I believe this book aims to parallel what COVID did to us as a society, how it “chemically altered” our brains… with a sci-fi wolfy take. Much like we all isolated due to the pandemic and developed our obsessions with particular media, hobbies, or entertainers, this novella shows how a neuroscientist, Sean, turned to an obsession with wolves in her times of loneliness. (She wasn’t really alone though; she was just actively choosing work over her wife, Riya, who was growing tired with her one-sided support.) I feel like this aimed to show the dramatized outcome of how these obsessions and parasocial relationships that some of us developed during our COVID isolation caused our real life relationships to suffer. Then again, I’m reaching at straws here because the ending still left me confused. Someone smarter than me would have to figure that one out. I don’t believe I was the intended audience, honestly.
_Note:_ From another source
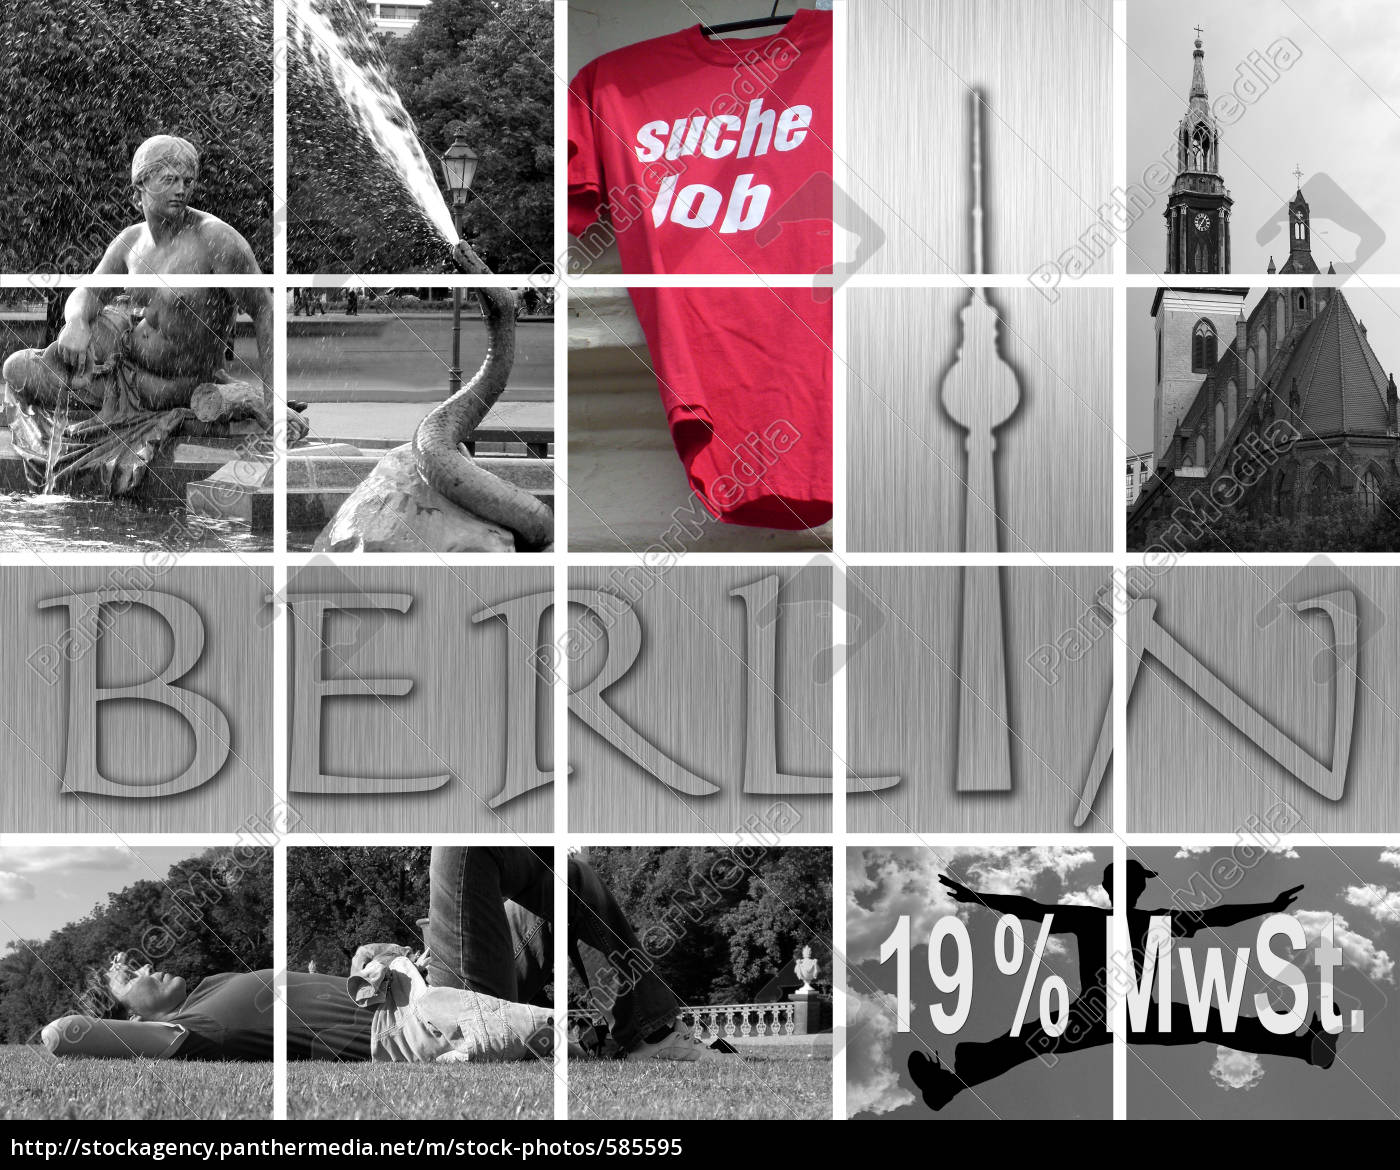 berlin, -, politics, and, social, affairs - 585595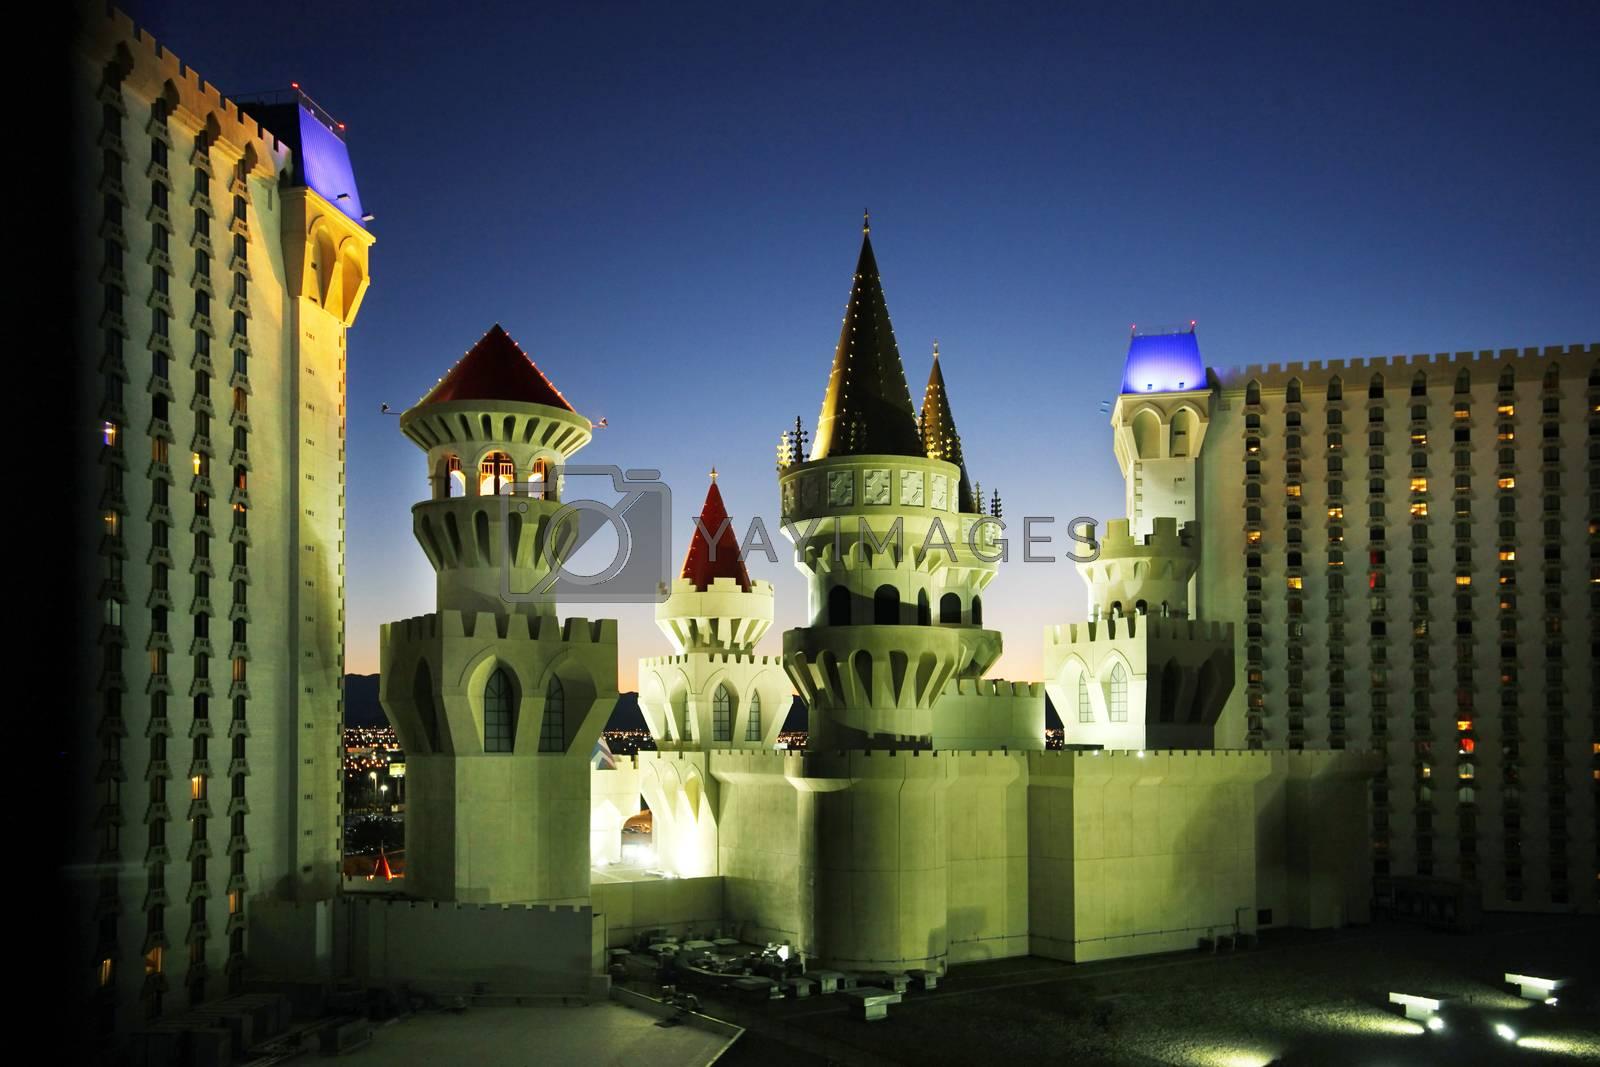 Las Vegas, Nevada, USA - September 19, 2011: The Excalibur Hotel & Casino is shown in this image taken at night in Las Vegas, Nevada.

Sean is a selfish character whose words say one thing while her actions say another. She just cannot take accountability for her actions to save her life. This woman supposedly loves her wife and wants to mend their relationship, but each time Riya holds out an olive branch, Sean finds some way to slap it back in her face. She’s so obsessed with feeling what her wolf subject, Kate, feels and the intimacy of their supposed “connection” that she neglects the very real connection to her wife. She even has a therapist telling her that her priorities aren’t in order, and while she says she understands she has to fix things, she goes right back to obsessing over work again. I enjoyed how the writer was able to portray Sean as selfish, all the while not having the protagonist be aware of that character flaw herself.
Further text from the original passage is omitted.